While you copy the lines below, skip the pictures and keep the rest exact.

Dataset extract:
Start of Block

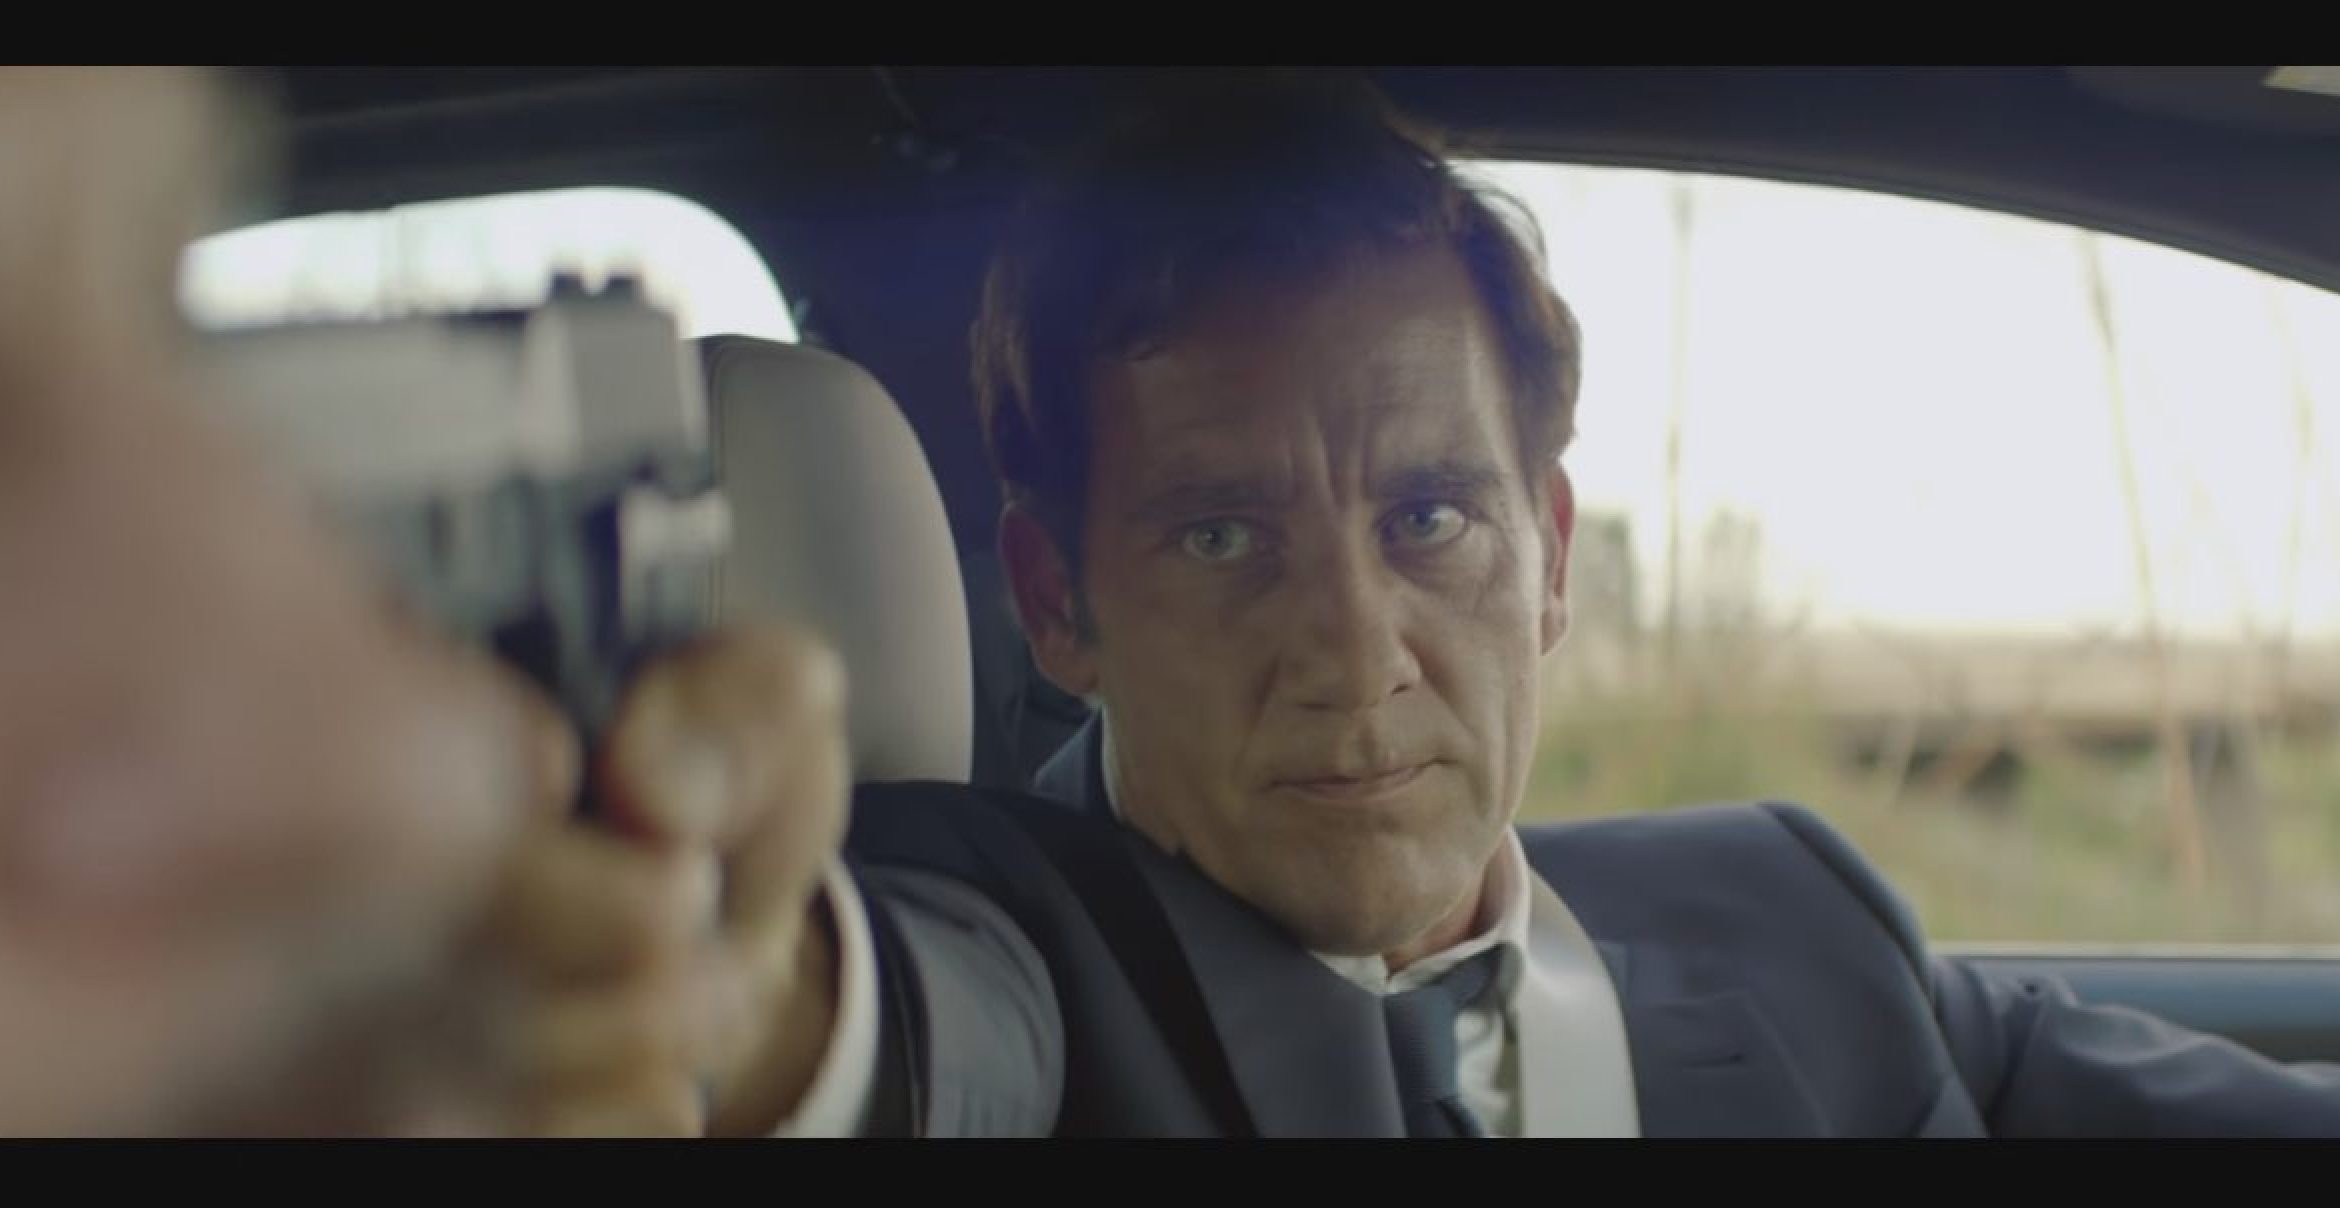 Der “Driver“ ist zurück: BMW liefert mit neuem Kurzfilm eine hochkarätige Hommage an “The Hire“
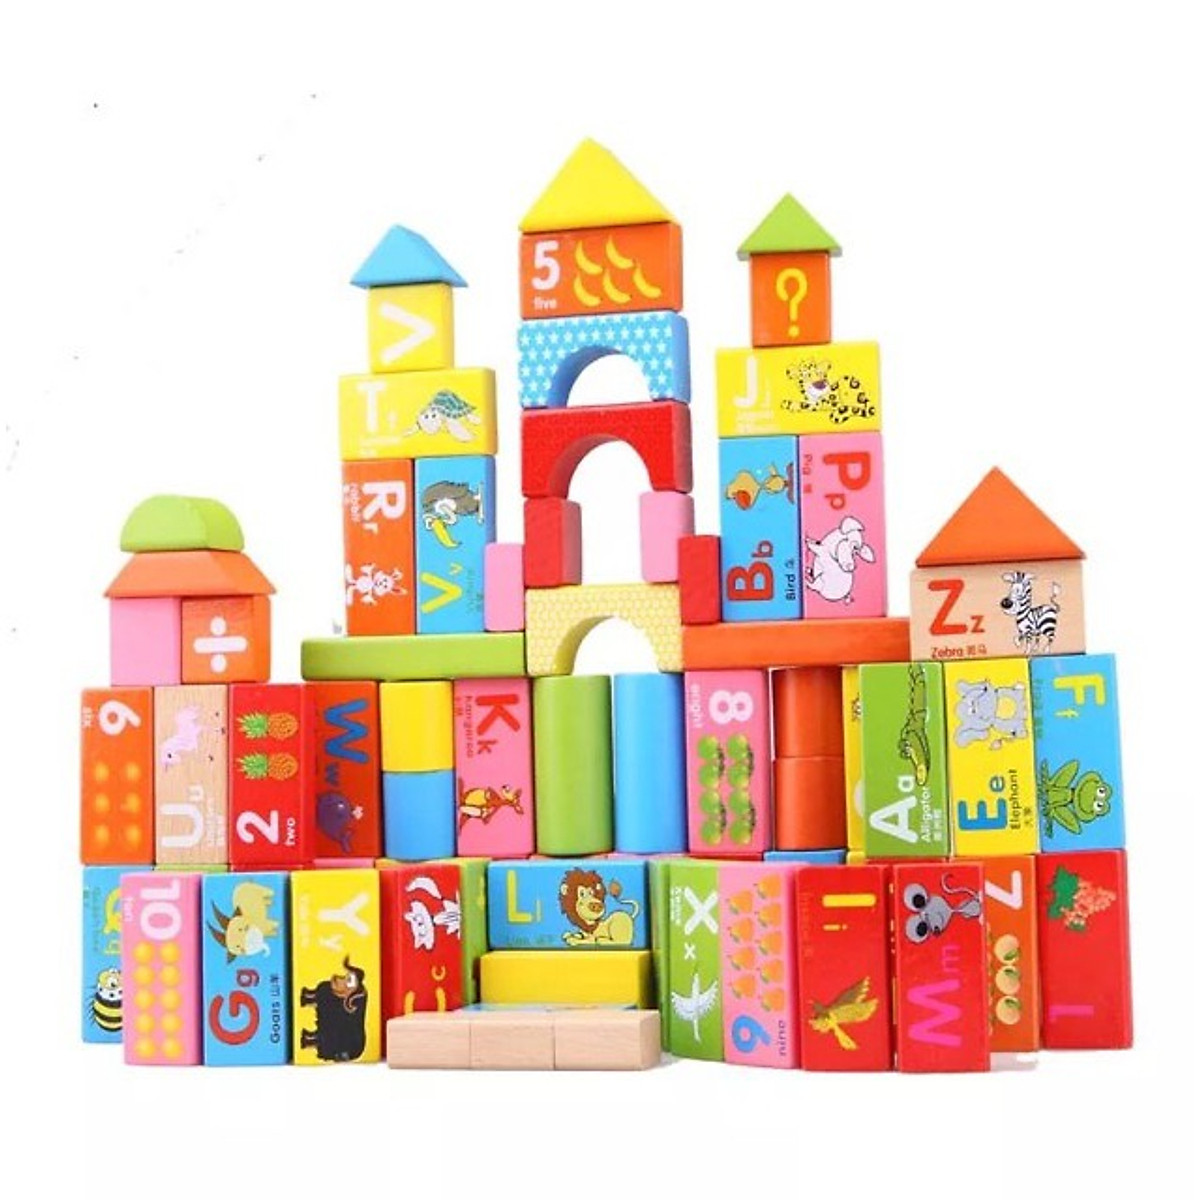 Bộ đồ chơi bằng gỗ cho trẻ em có 100 miếng ghép gỗ với nhiều dạng hình khối khác nhau
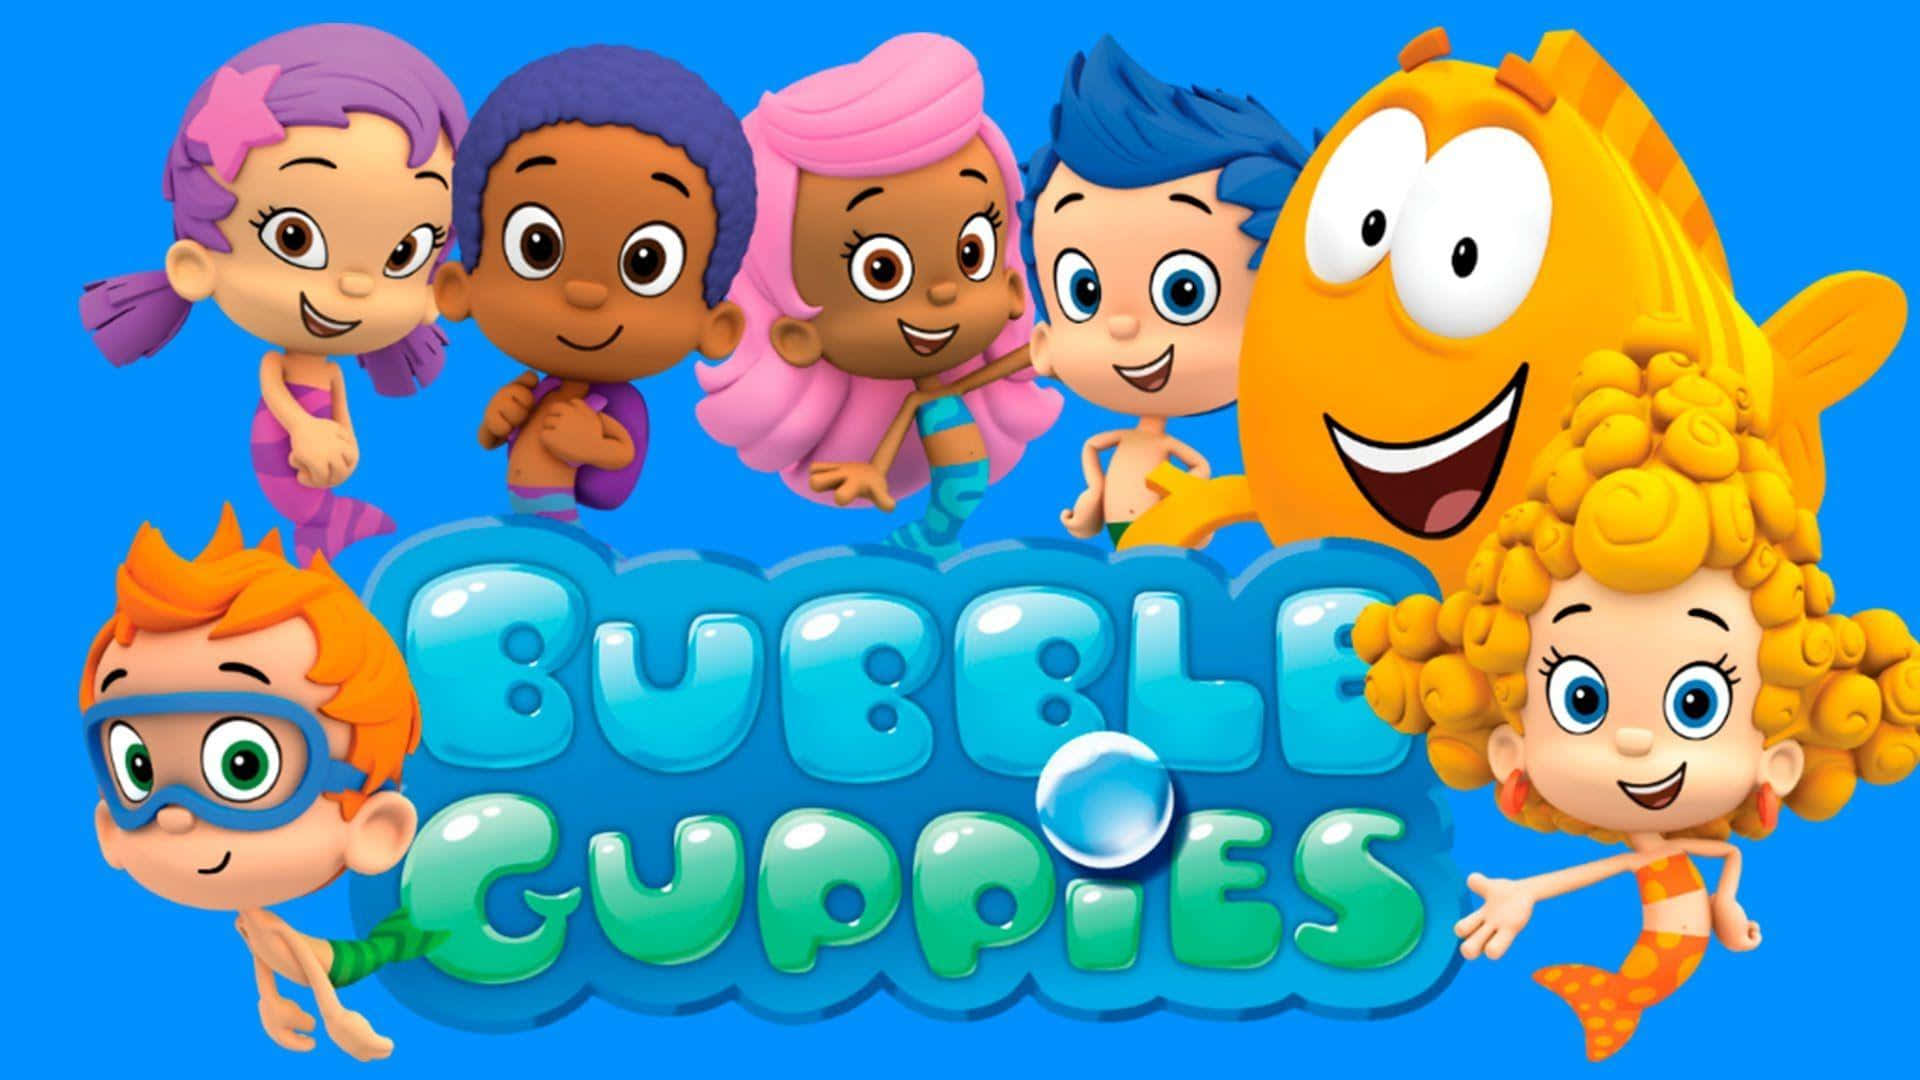 Fondos De Bubble Guppies

End of Block

Answer to this task:
 Der “Driver“ ist zurück: BMW liefert mit neuem Kurzfilm eine hochkarätige Hommage an “The Hire“
 Bộ đồ chơi bằng gỗ cho trẻ em có 100 miếng ghép gỗ với nhiều dạng hình khối khác nhau
 Fondos De Bubble Guppies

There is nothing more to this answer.